SEAL Team 6 families sue Taliban, al-Qaida

Charge racketeering, terrorism, causing death, pain, suffering.

A civil complaint seeking more than $600 million in damages has been filed in federal court in Washington, D.C., against the Taliban, al-Qaida, Iran, Afghanistan and others for the deaths of members of the U.S. military’s SEAL Team 6.

Filed Tuesday by attorney Larry Klayman of FreedomWatch, the case alleges racketeering, terrorism and murder. It charges the terror groups are liable under America’s Anti-Terrorism Act for harboring or concealing terrorists, providing material support to a terror organization, wrongful death and more.

The case traces back to Feb. 23, 1998, when the “terrorist organization Defendant Taliban, in concert with the terrorist organization Defendant al-Qaida, led by master terrorist leader Osama bin Laden, issued a Fatwah (Religious Decree), dictating to all Muslim people to kill Americans and their allies – civilians and military – declaring that the slaying of Americans is an individual duty for every Muslim.”

Bin Laden declared: “We – with God’s help – call on every Muslim who believes in God and wishes to be rewarded to comply with God’s order to kill the Americans and plunder their money wherever and whenever they find it.”

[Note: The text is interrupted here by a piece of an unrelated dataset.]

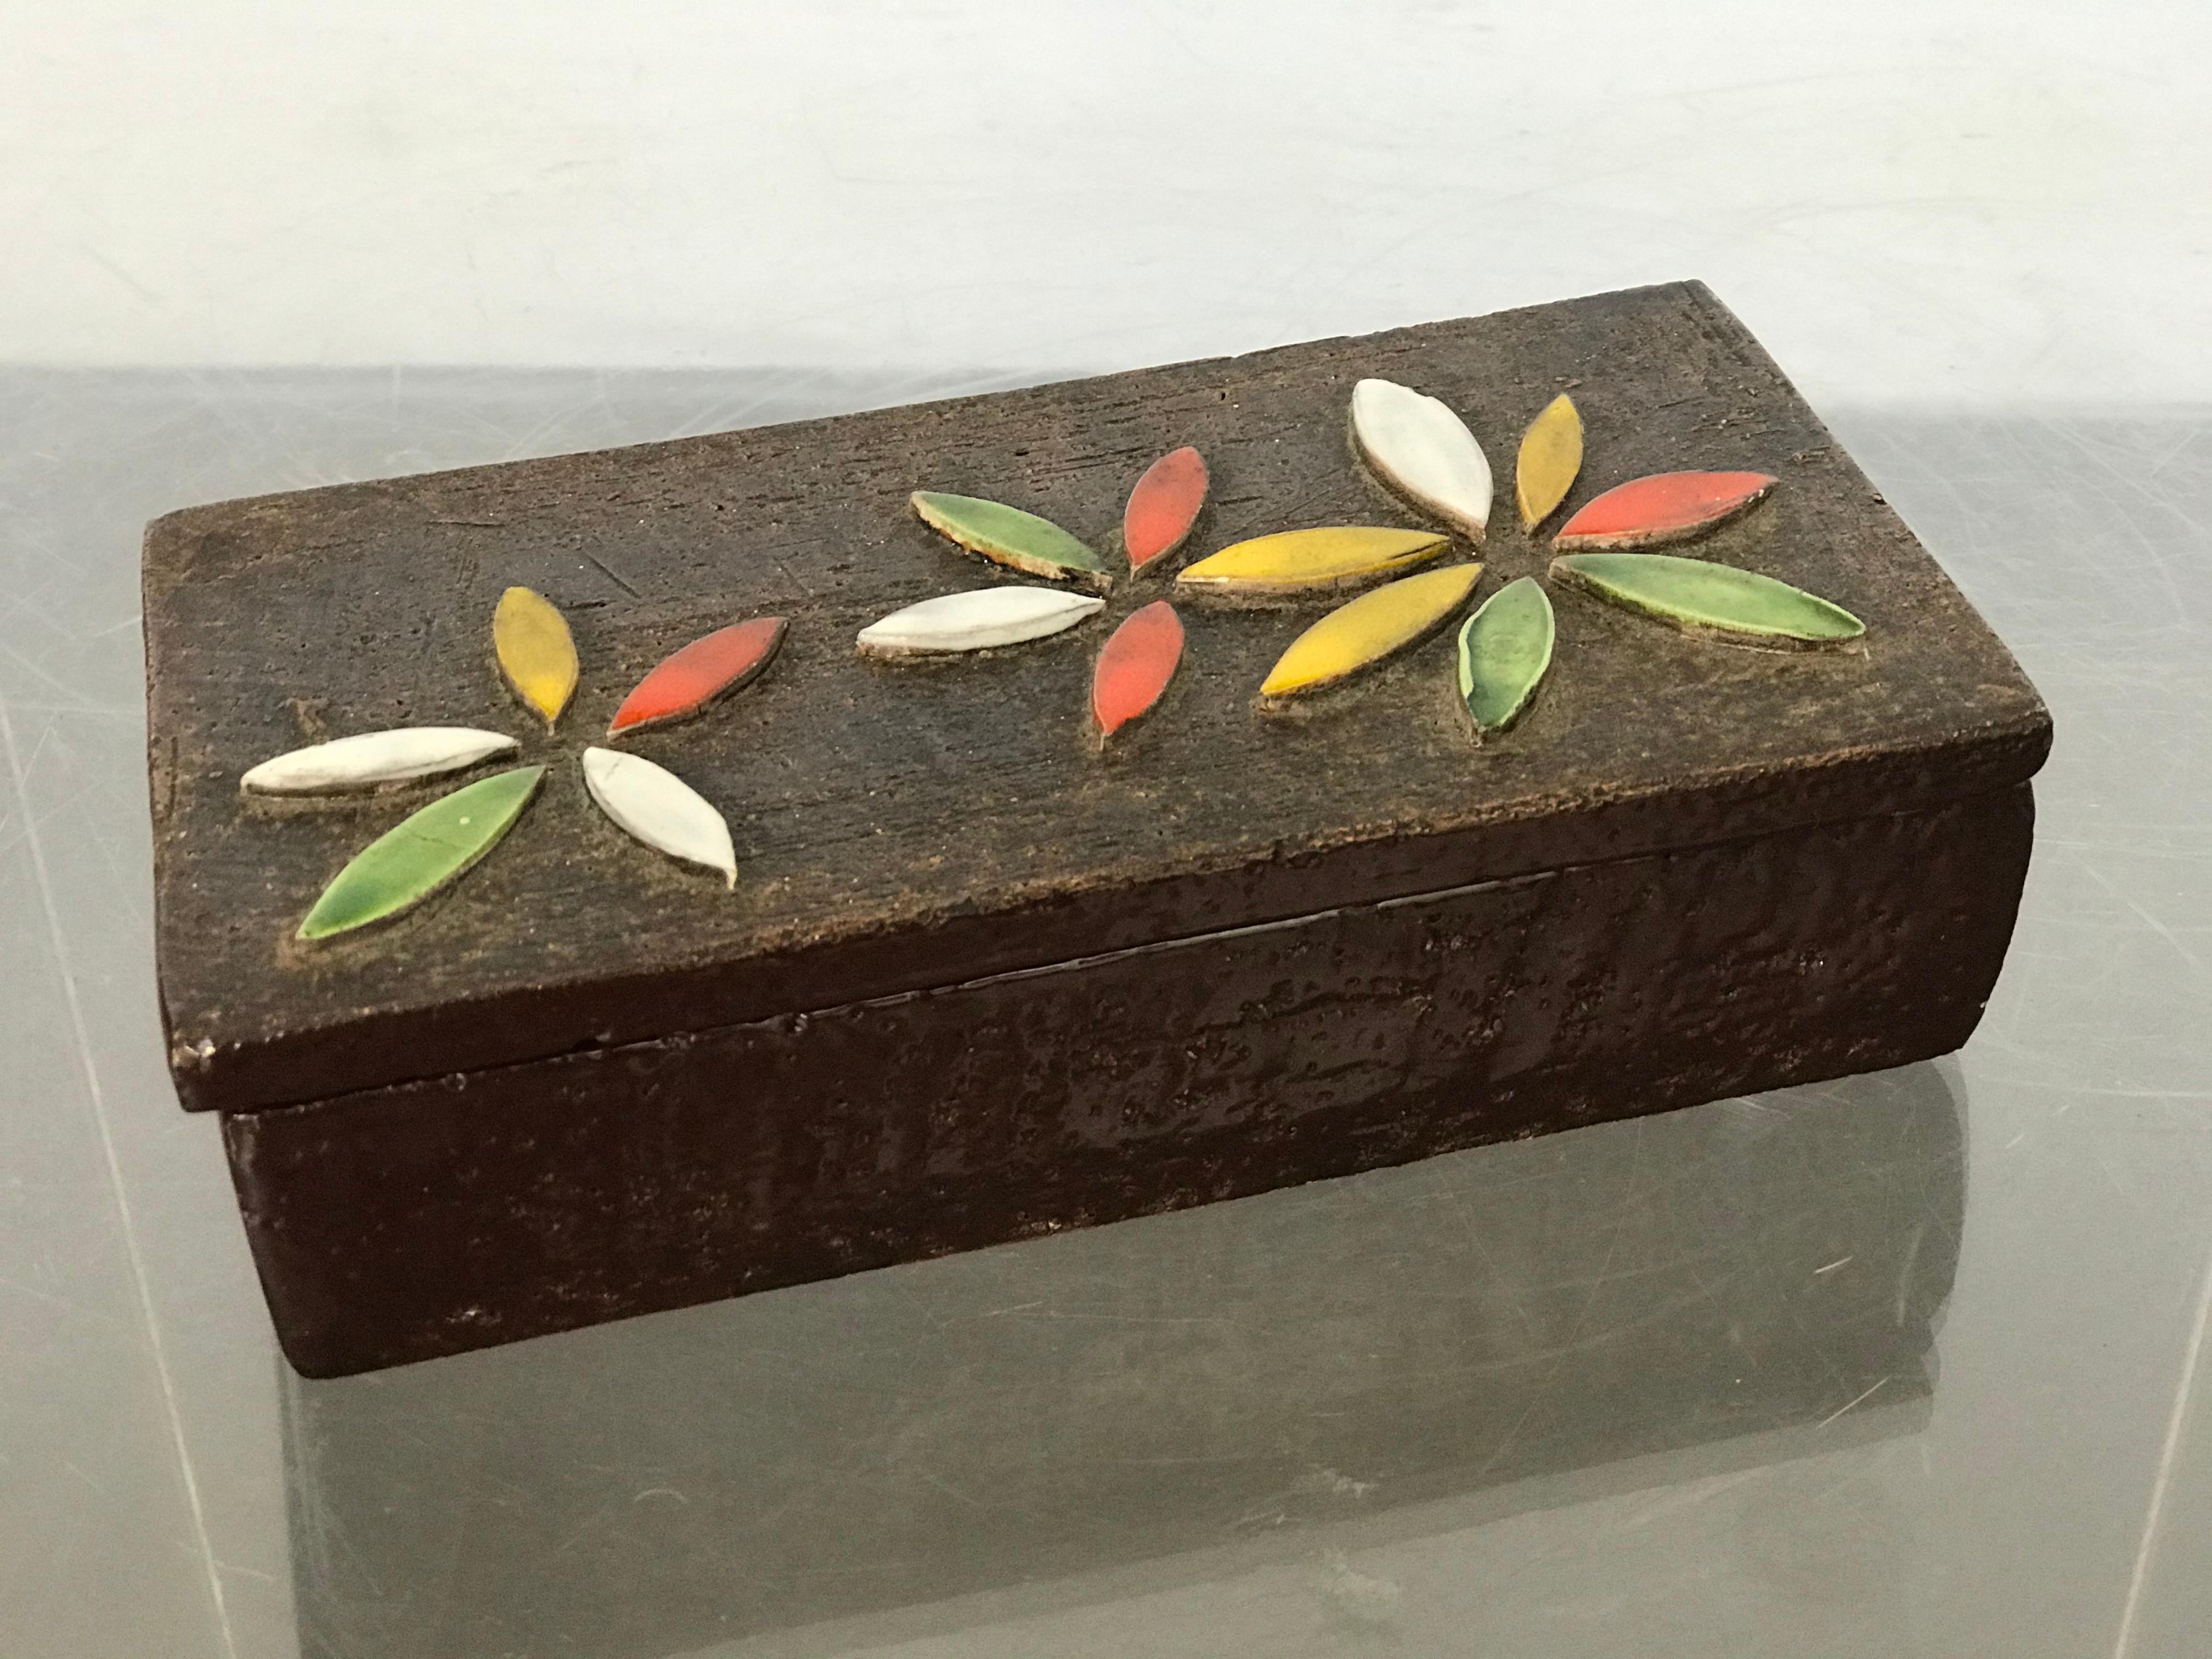 Very nice brown ceramic Bitossi box, circa 1960's. Lovely flower relief on top. Nice condition. One small hair-line crack on the top of one green flower petal (see pictures).
Measures: 8

The case ties the declaration to the deaths of Michael Strange, a National Security Agency cryptologist for SEAL Team 6; Patrick Hamburger, an Army National Guard member; and John Douangdara, a Petty Officer 1st Class, in support of SEAL Team 6. Family members and survivors Charles and Mary Strange, Douglas and Shaune Hamburger and Phouthasith Douangdara are suing.